On the language of the provisions of the Arbitration Act, and prior precedent of the Supreme Court, one cannot take issue with the decision. However, what it does mean is that proceedings which should have been heard and disposed of together will have to either be heard independently, or be disposed off without recourse to arbitration. The possibility of irreconcilable decisions in two independent proceedings against the developer and the appellant could force the respondent to undertake court proceedings, defeating the purpose of encouraging arbitration. Having said that though, viewing the arbitration agreement from a strictly contractual perspective, and based on the law as it stands,the decision was plainly correct.
Thanks for the update. Non-signatory inclusion in arbitration is indeed a difficult issue that has not found a widely accepted solution internationally. Many models exist – e.g. group of companies doctrine in France, the beneficiary of contract principle that is still in nascent stages, and piercing of corporate veil in circumstances involving bad faith. The two conflicting issues – statutory right of a non-signatory of access to courts and the need to avoid conflicting decisions on same issue are both difficult to reconcile.
However, it is debatable whether in this case conflicting decisions could be issued. On one hand is a breach of loan agreement or diligence issue with the bank. On the other, delay issues under development agreement with the builder. While it indeed is possible, chances of overlapping issues are difficult.
Another aspect of this issue is whether a final decision on this issue be not left to the arbitrator? Would it be better solution if court merely says that it shall appoint the arbitrator with respect to the signatories and the Claimant may file an application before the tribunal to implead the non-signatory?

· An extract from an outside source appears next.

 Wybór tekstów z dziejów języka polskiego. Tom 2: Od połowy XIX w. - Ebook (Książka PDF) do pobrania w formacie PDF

Mr Rai, many thanks for your comments. I agree with you that conflicting decisions are not a necessary result on the facts here. However, the situation I had in mind was findings of fact regarding the breach of contract by the developer, since these findings would also be material to whether the bank should have exercised greater diligence in releasing funds to the developer.
As to your second comment, I must confess that I am not acquainted with the way arbitral proceedings work in practice, and whether arbitrators can or do exercise powers to implead non-parties. The supplementary powers of the Court under section 27 suggests that the tribunal's powers in this regard are limited. Hence, although referring the question of impleading non-parties may be best left to the tribunal, I am not entirely sure if this is permissible.
@ Shantanu – Maybe my use of words 'application' and 'implead' are misleading. What I have seen from French, Swiss, and UK decisions is that joinder of third parties or non-signatories is seen as an issue of jurisdiction. Then, relying on the principle of competence-competence, the question whether tribunal has jurisdiction over such party is left for it to decide. Court looks at it only during annulment proceeding.
Indian courts are willing to decide this issue at Sec. 11 stage itself (probably they will also do so under Section 8). The real question is when should the court take this call – at the 'gateway' stage or at the very end after award is rendered, thereby respecting competence-competence.
I am not sure which is better because it seems pointless to respect competence-competence, let the entire proceeding go through and then annul the award on this issue at the very end. Counterside is that Section 8 and 11 proceedings should be as 'summary' as possible so that arbitration commencement and continuance is not delayed (more a problem with 11 as at that time arbitration is stuck).